**INSTRUCTIONS TO FOLLOW**
Taking the line with "Antonio Clemente y" as the first, copy every line through the end of the records below exactly. Do not include pictures.

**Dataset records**
-*-

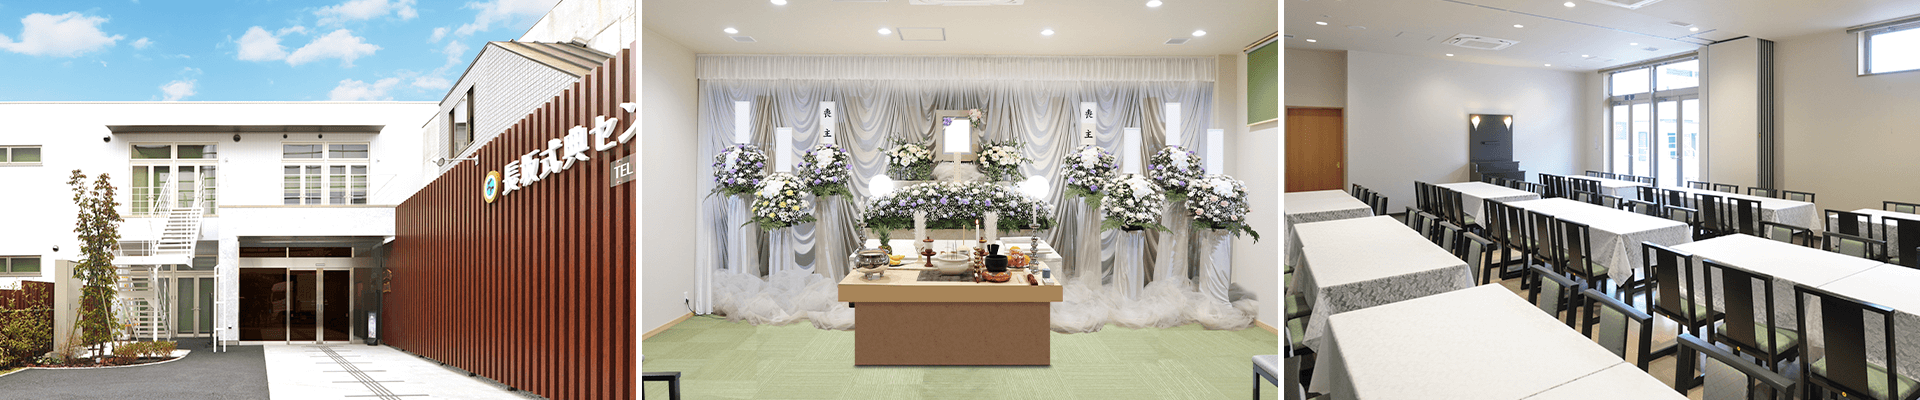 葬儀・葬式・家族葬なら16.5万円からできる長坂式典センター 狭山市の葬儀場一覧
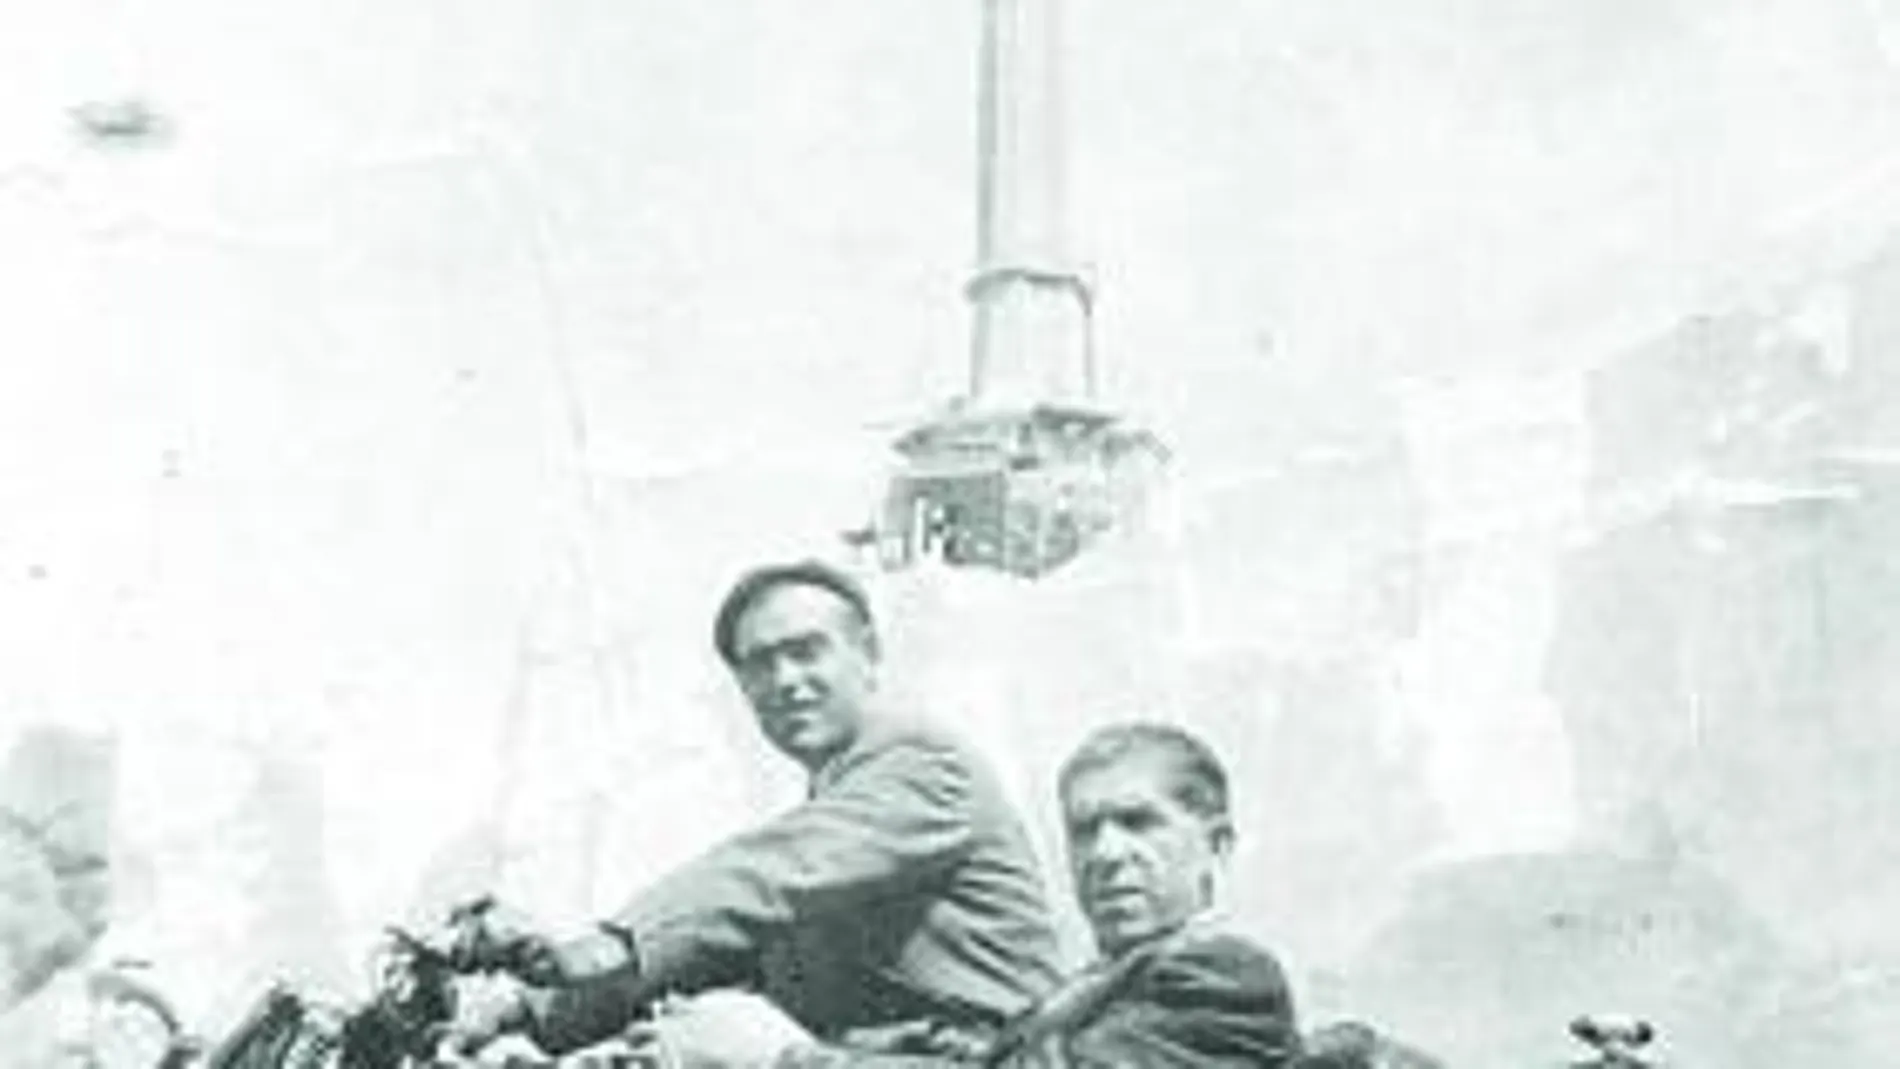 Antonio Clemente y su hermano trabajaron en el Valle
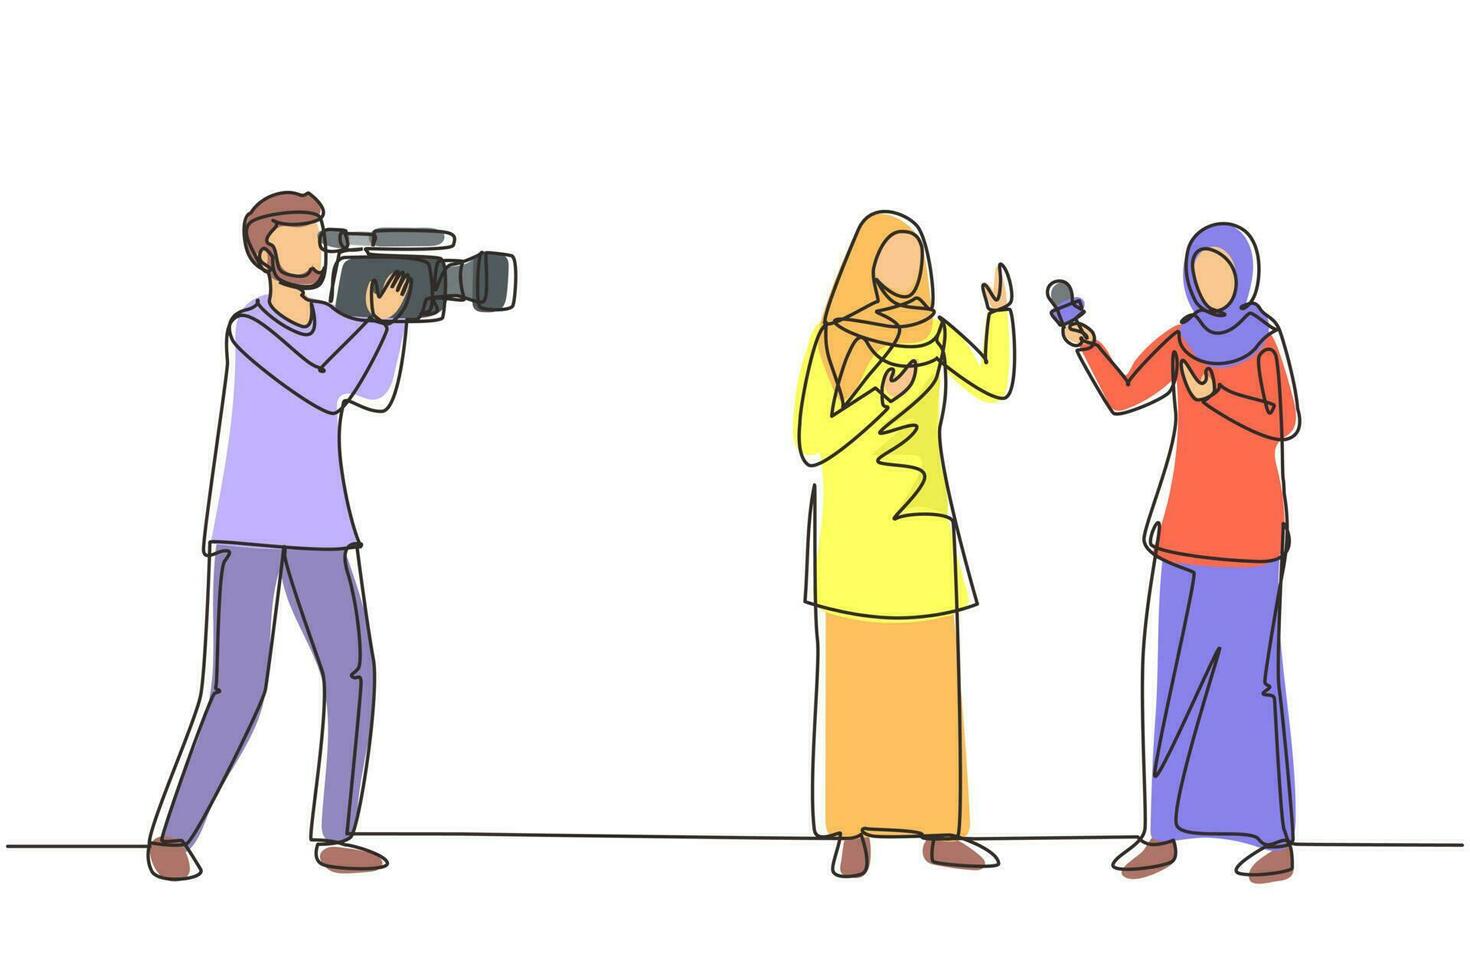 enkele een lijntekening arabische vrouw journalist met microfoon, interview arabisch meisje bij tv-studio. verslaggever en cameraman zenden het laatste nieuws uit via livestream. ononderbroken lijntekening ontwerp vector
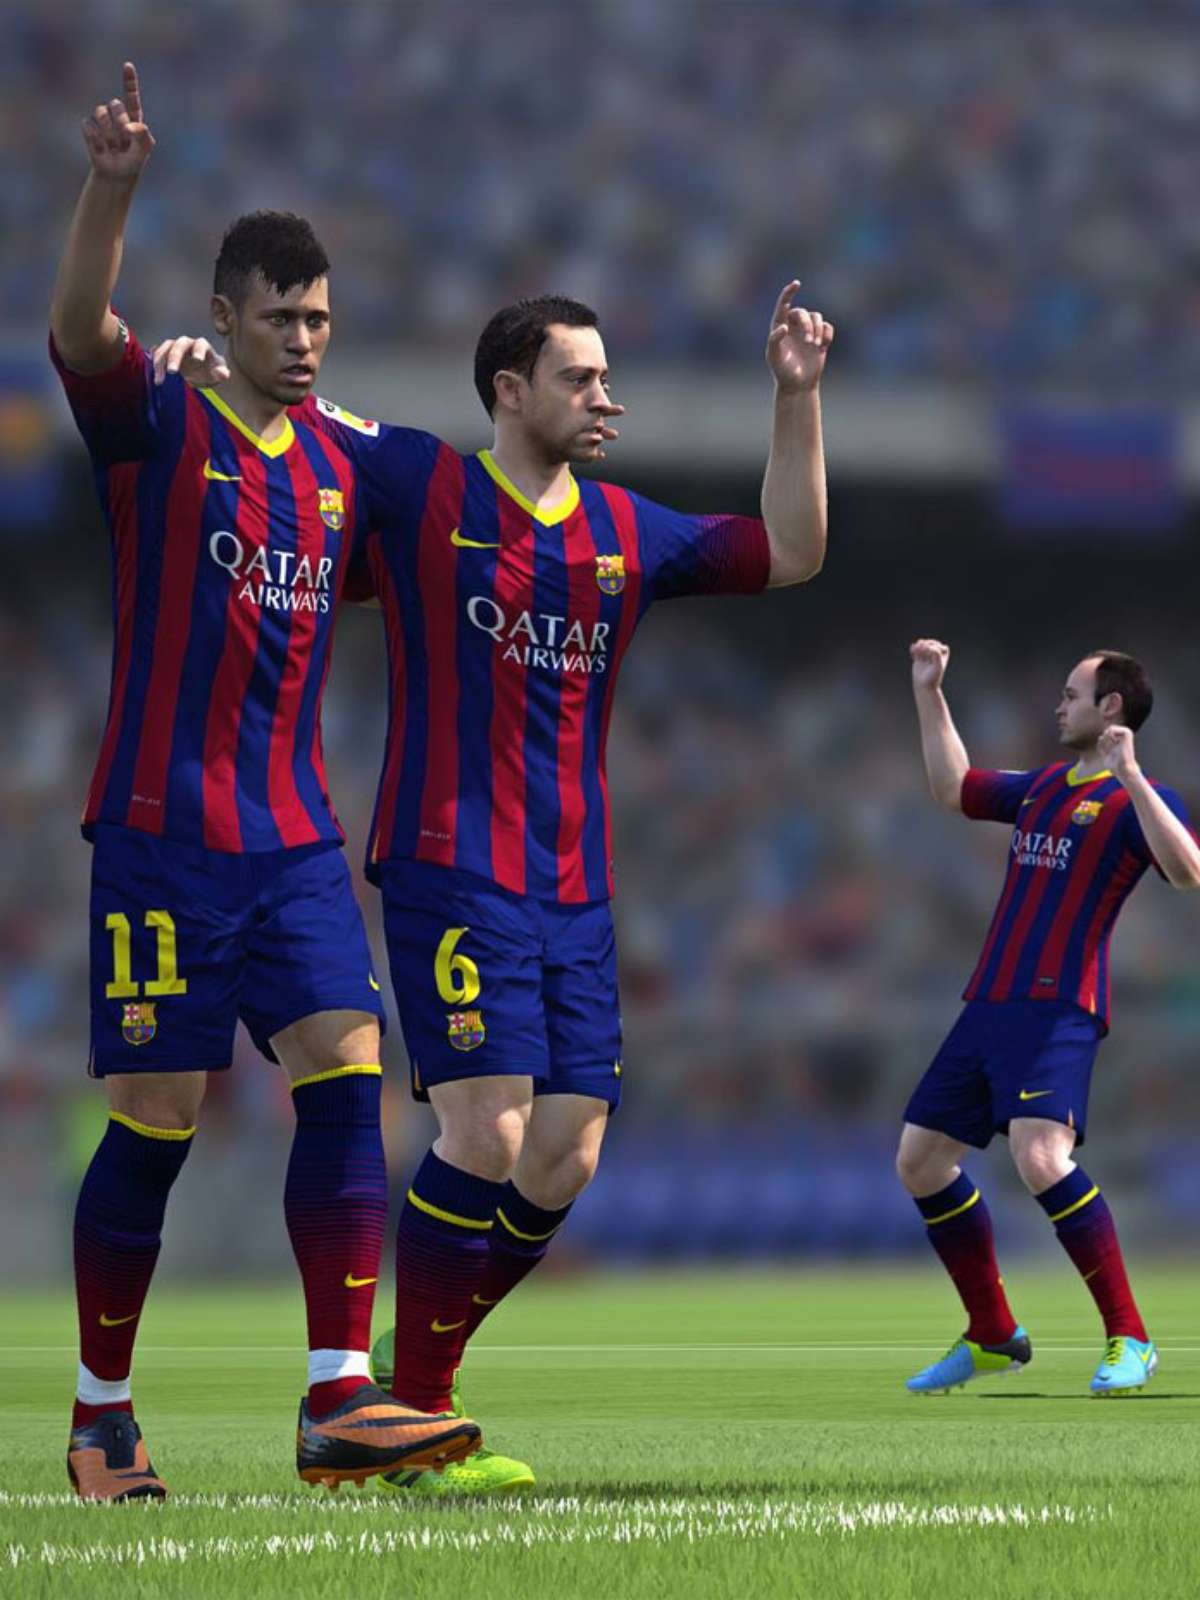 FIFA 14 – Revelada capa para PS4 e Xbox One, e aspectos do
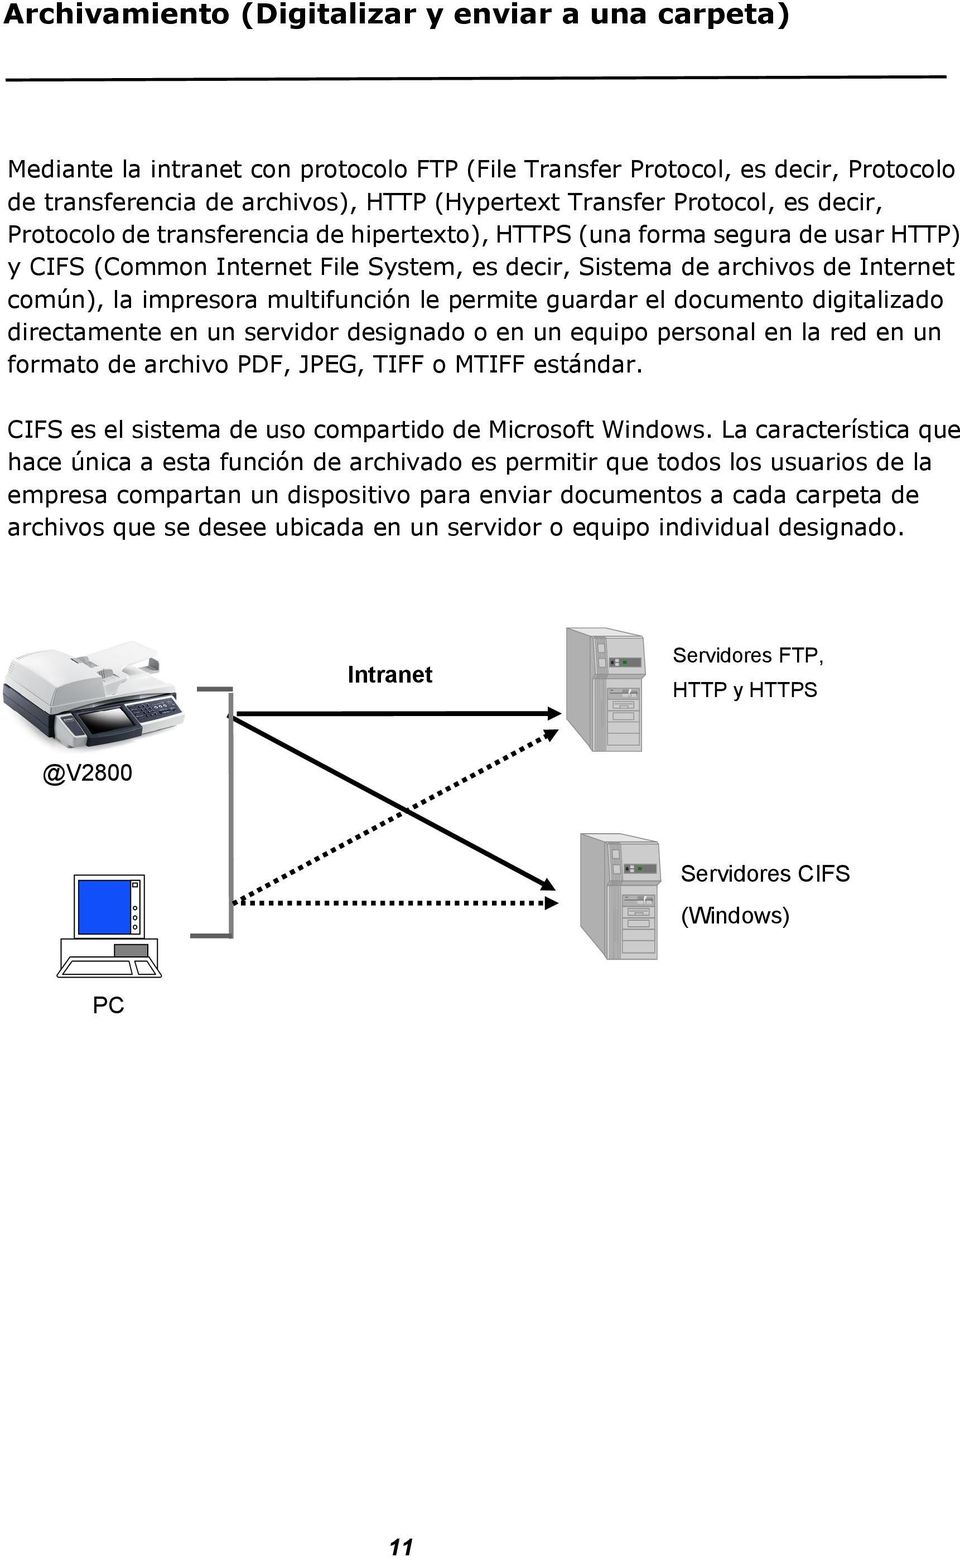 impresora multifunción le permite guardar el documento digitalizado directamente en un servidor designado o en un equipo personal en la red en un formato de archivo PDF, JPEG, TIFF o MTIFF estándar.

-*-

**YOUR SOLUTION**
 Antonio Clemente y su hermano trabajaron en el Valle
 enkele een lijntekening arabische vrouw journalist met microfoon, interview arabisch meisje bij tv-studio. verslaggever en cameraman zenden het laatste nieuws uit via livestream. ononderbroken lijntekening ontwerp vector
 FIFA 14 – Revelada capa para PS4 e Xbox One, e aspectos do
 impresora multifunción le permite guardar el documento digitalizado directamente en un servidor designado o en un equipo personal en la red en un formato de archivo PDF, JPEG, TIFF o MTIFF estándar.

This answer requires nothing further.